When Abbie Dwelle, Wendy Hawkins, Olivia Griffin, and Kirsten Hove purchased Paul’s Hat Works in San Francisco, the four females began referring to themselves as the “Four Pauls.” A Retail Customer Experience posting reported that the four also came up with innovative guerilla marketing techniques—low cost, locally-based, attention-getting.
Paul’s Hat Works custom-crafted men’s hats at prices ranging from around $250 to more than $850. Although the shop headed up the San Francisco hat trade since 1918, the purchase by the Four Pauls in 2009 coincided with blockbuster interest in the TV series “Mad Men,” about an era in which businessmen wore hats.
Building on this interest, Paul’s Hat Works set up the front windows of the store to reflect scenes from the 1950’s and 1960’s. They then invited visitors to try on a hat and sit in the window for a bit. The Four Pauls sent out press releases, posted the invite on the store’s blog, and had updates on their Facebook page. Soon word-of-mouth took hold. In the end, there were too many volunteers for sitting than store hours allowed. Sales increased by about 10%.
Then President Obama was featured in the San Francisco Chronicle Style section wearing a Paul’s Hat Works chapeau designed specifically for him. The sponsor was local author Robert Mailer Anderson, a regular customer of the shop, according to the Chronicle article.
But for such a celebrity endorsement to have maximum influence, it needs to make sense to prospective shoppers that the celebrity is endorsing and why. After all, President Obama hadn’t ordered the hat. Fortunately for Paul’s Hat Works, Mr. Anderson says he extracted from the president a quote that in wearing the black-beaver-fur-felt fedora with a vintage grosgrain band in grey when going out on a date night with wife Michelle, “In a hat like this, I could get lucky.”

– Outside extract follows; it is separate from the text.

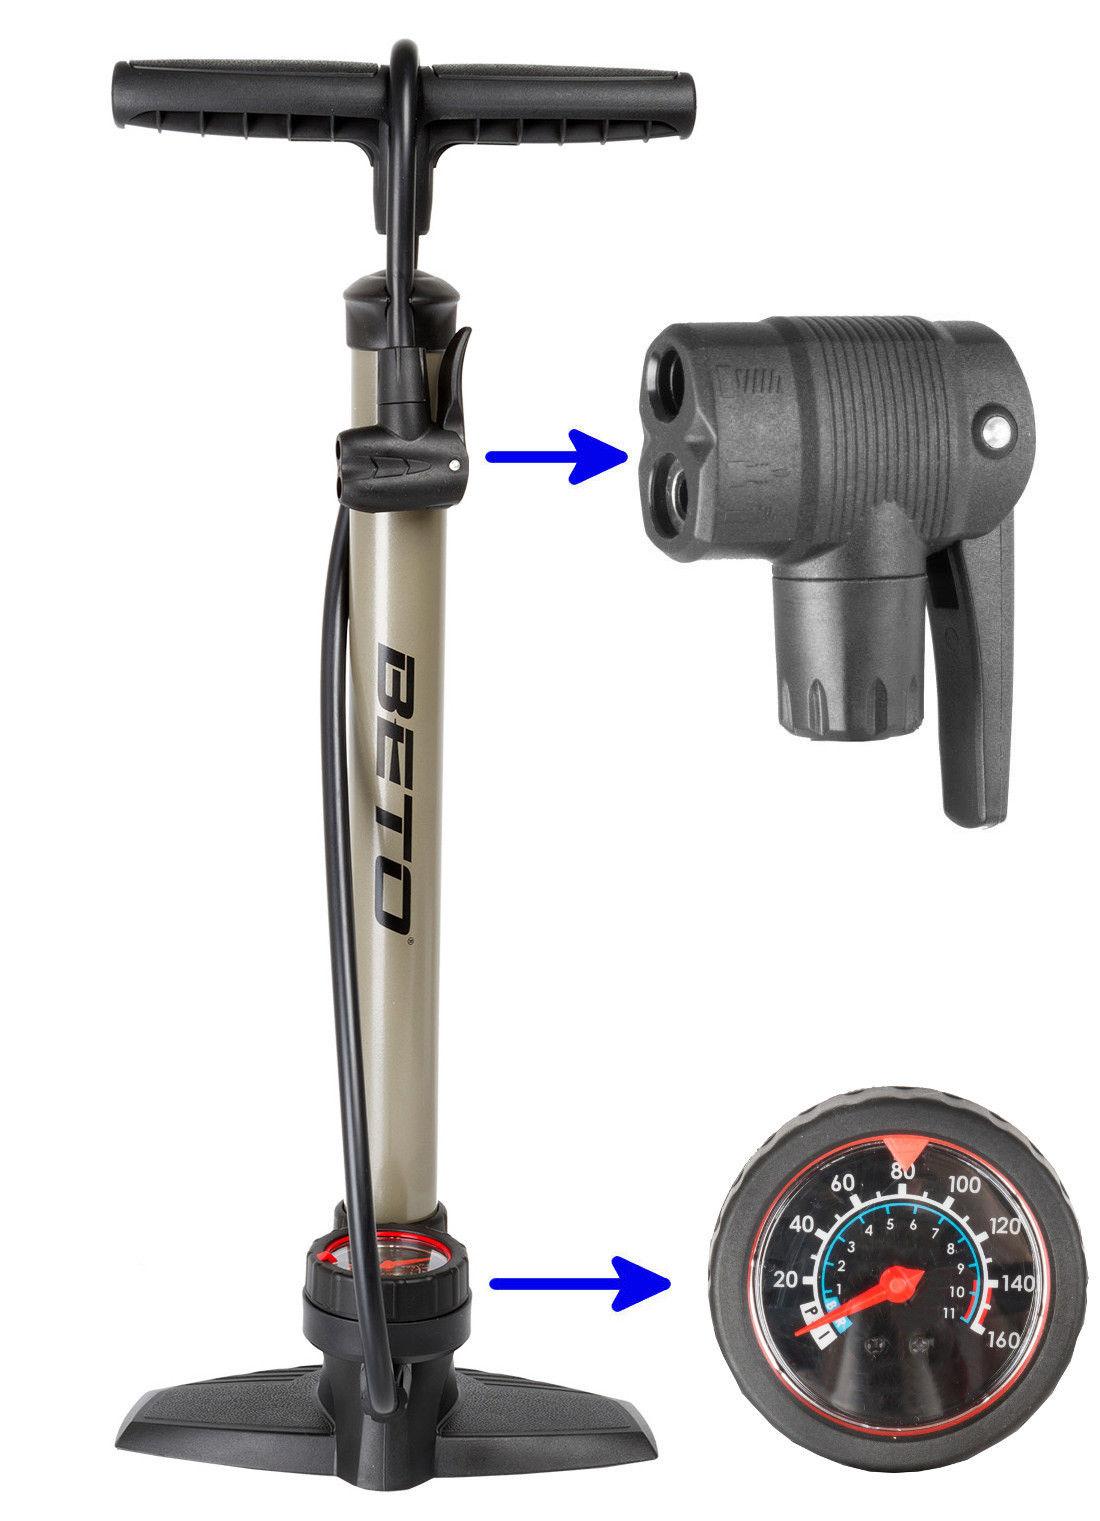 BETO Standpumpe mit Manometer bis 11 bar Luftpumpe Fahrradpumpe f. alle Ventile

With her excellent guerilla marketing sense, Ms. Griffin, one of the Four Pauls, added the angle of benefit to society by saying, “It would be great to have a president support the hat industry. It would create jobs.”
It was nearly a century ago that Coco Chanel began building a retailing fortune by designing and selling hats while fashioning an elaborate biography for herself to better publicize her wares. Hats off to the tradition of innovative guerilla marketing!